### TASK TO CARRY OUT
Nothing outside the range is to be copied. From the entries below, reproduce exactly the lines starting at the one with "Juicy berries, a" and ending at the one with "What Would You", without pictures.

### SUPPLIED ENTRIES

————————

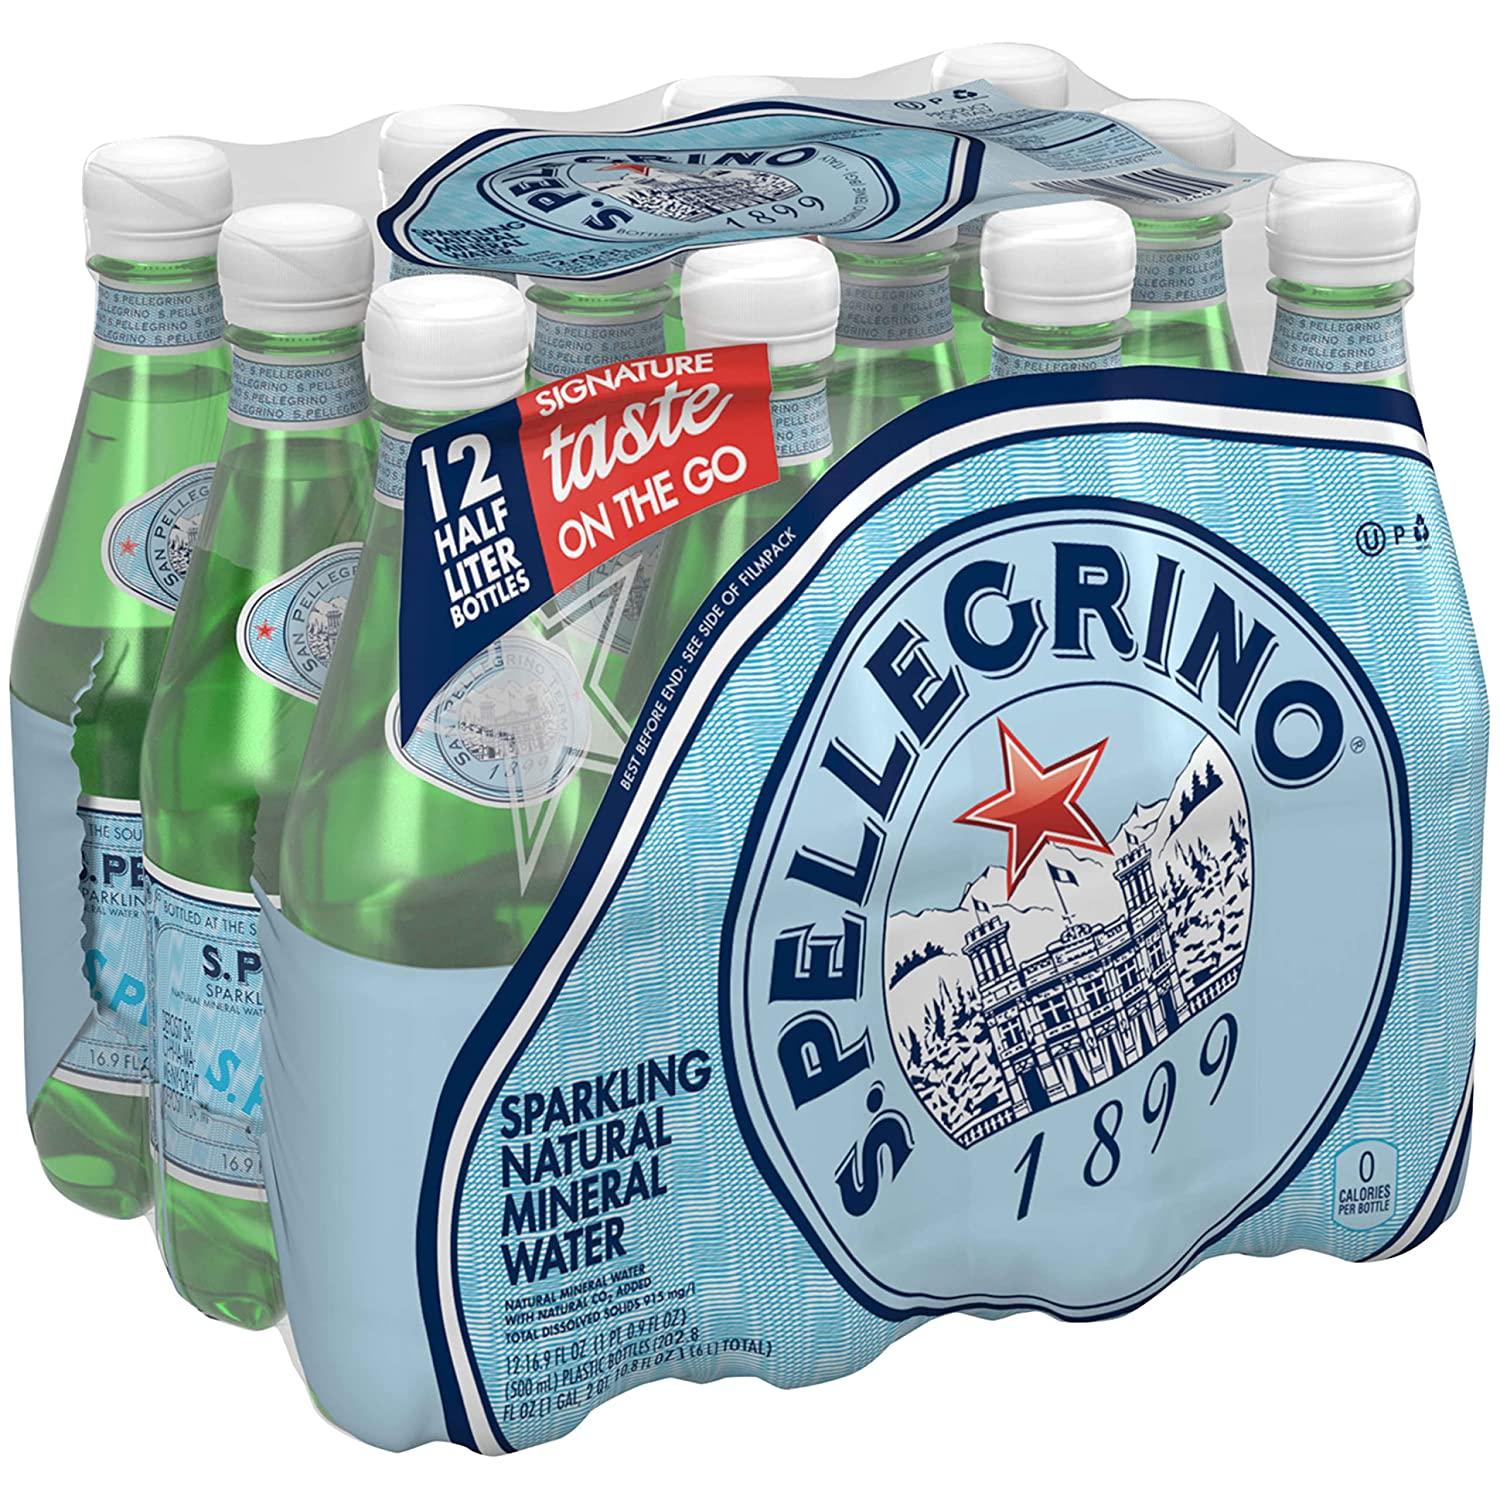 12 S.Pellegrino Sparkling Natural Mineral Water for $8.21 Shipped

————————

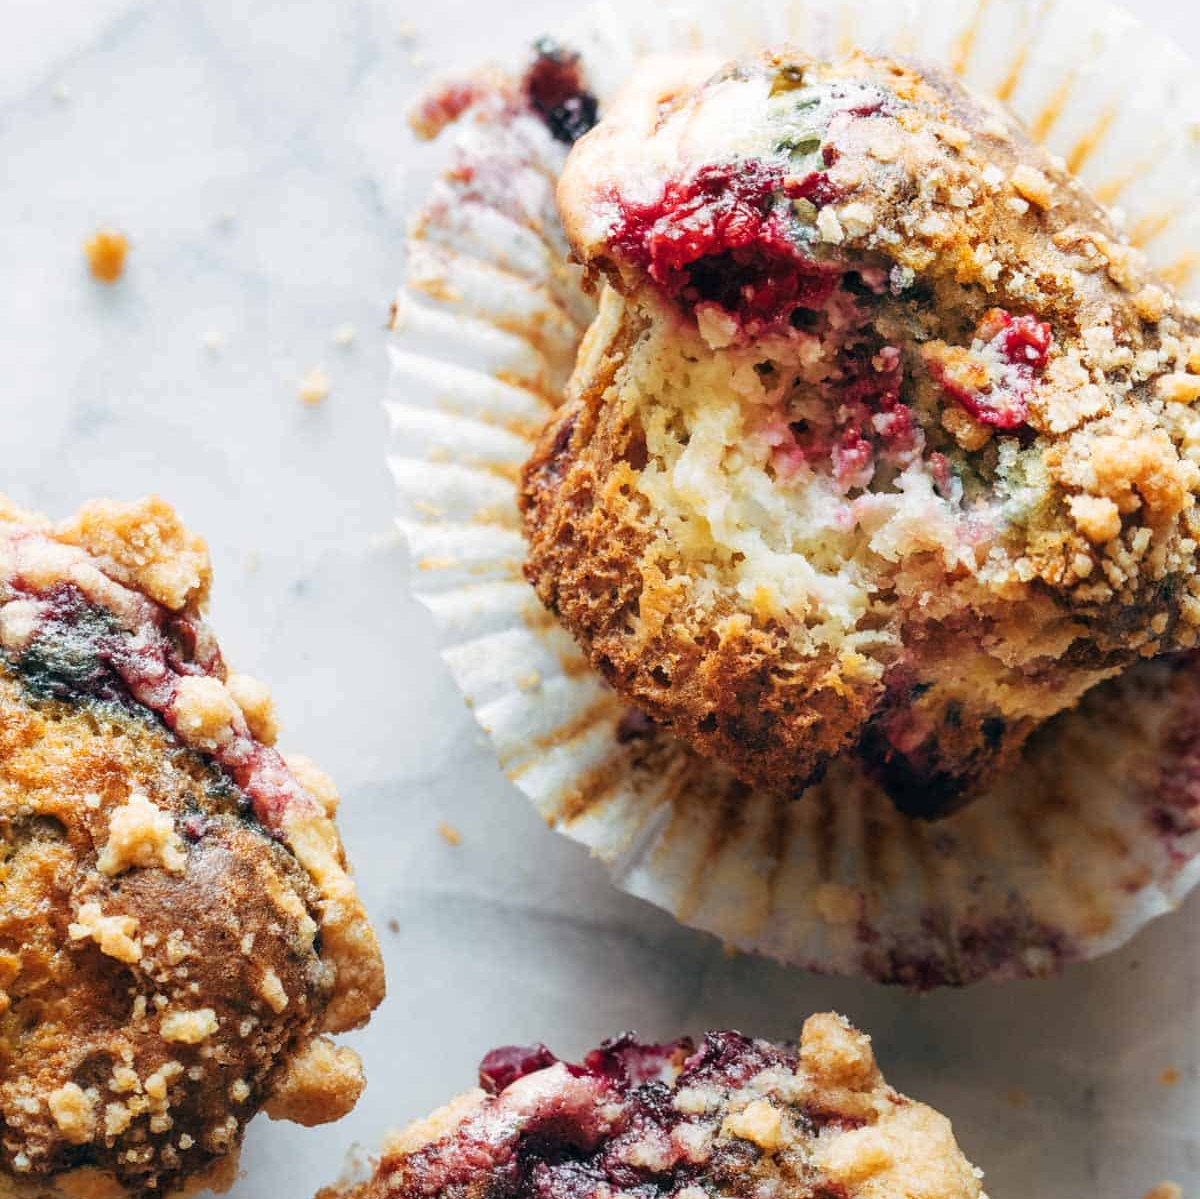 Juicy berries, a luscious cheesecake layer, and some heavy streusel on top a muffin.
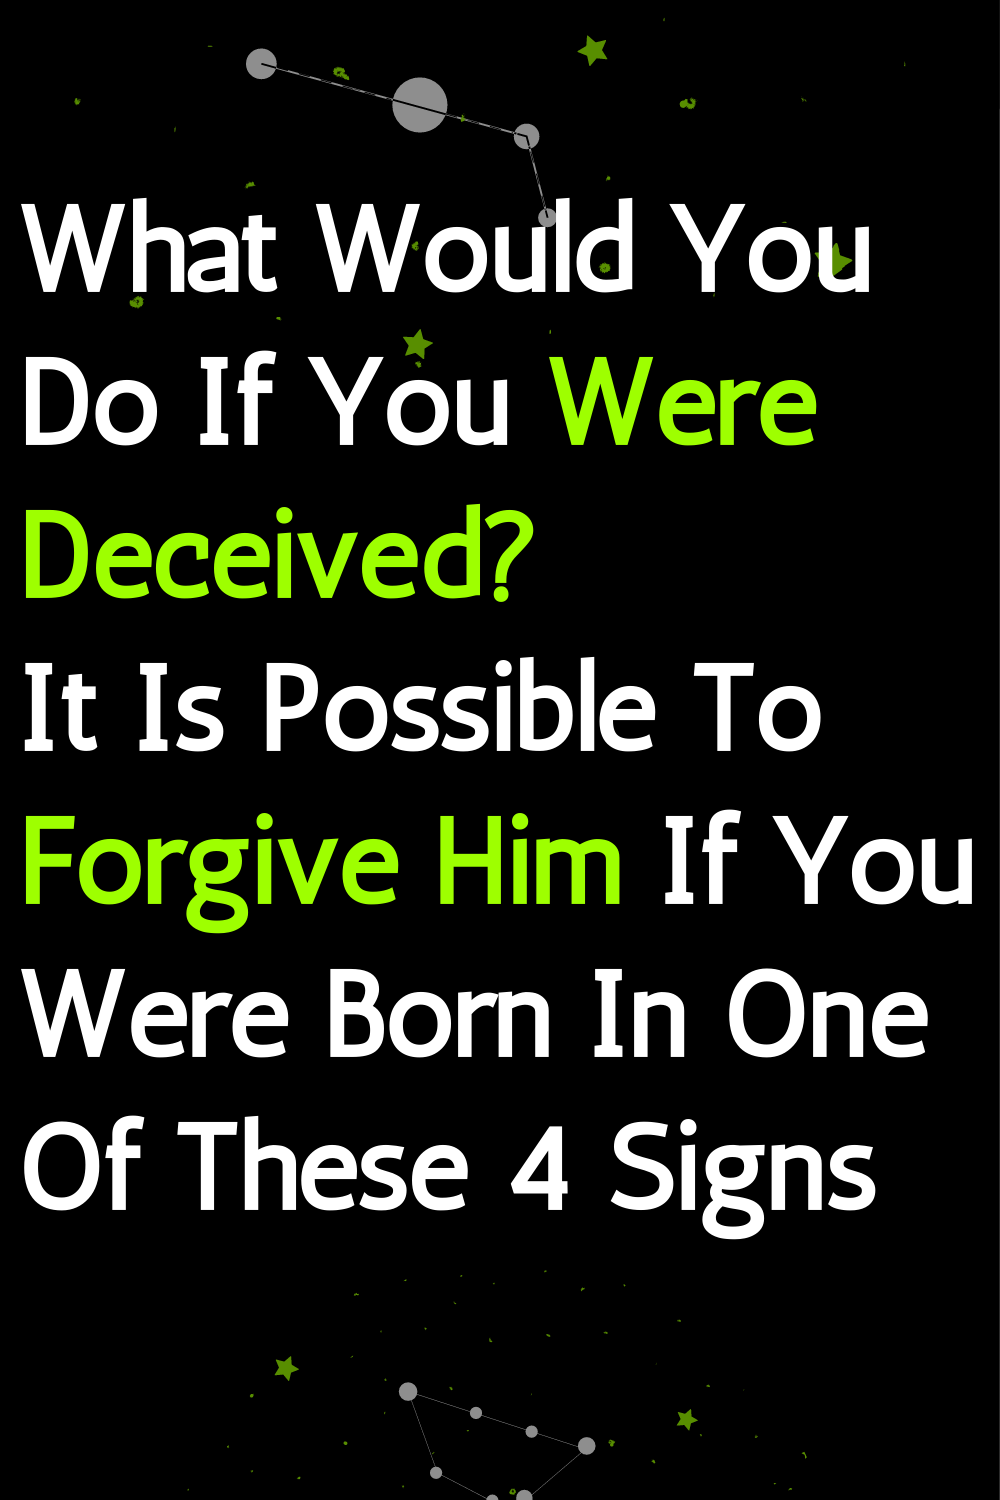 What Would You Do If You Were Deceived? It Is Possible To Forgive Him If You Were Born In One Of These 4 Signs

————————

### SOLUTION TO THE EXERCISE
 Juicy berries, a luscious cheesecake layer, and some heavy streusel on top a muffin.
 What Would You Do If You Were Deceived? It Is Possible To Forgive Him If You Were Born In One Of These 4 Signs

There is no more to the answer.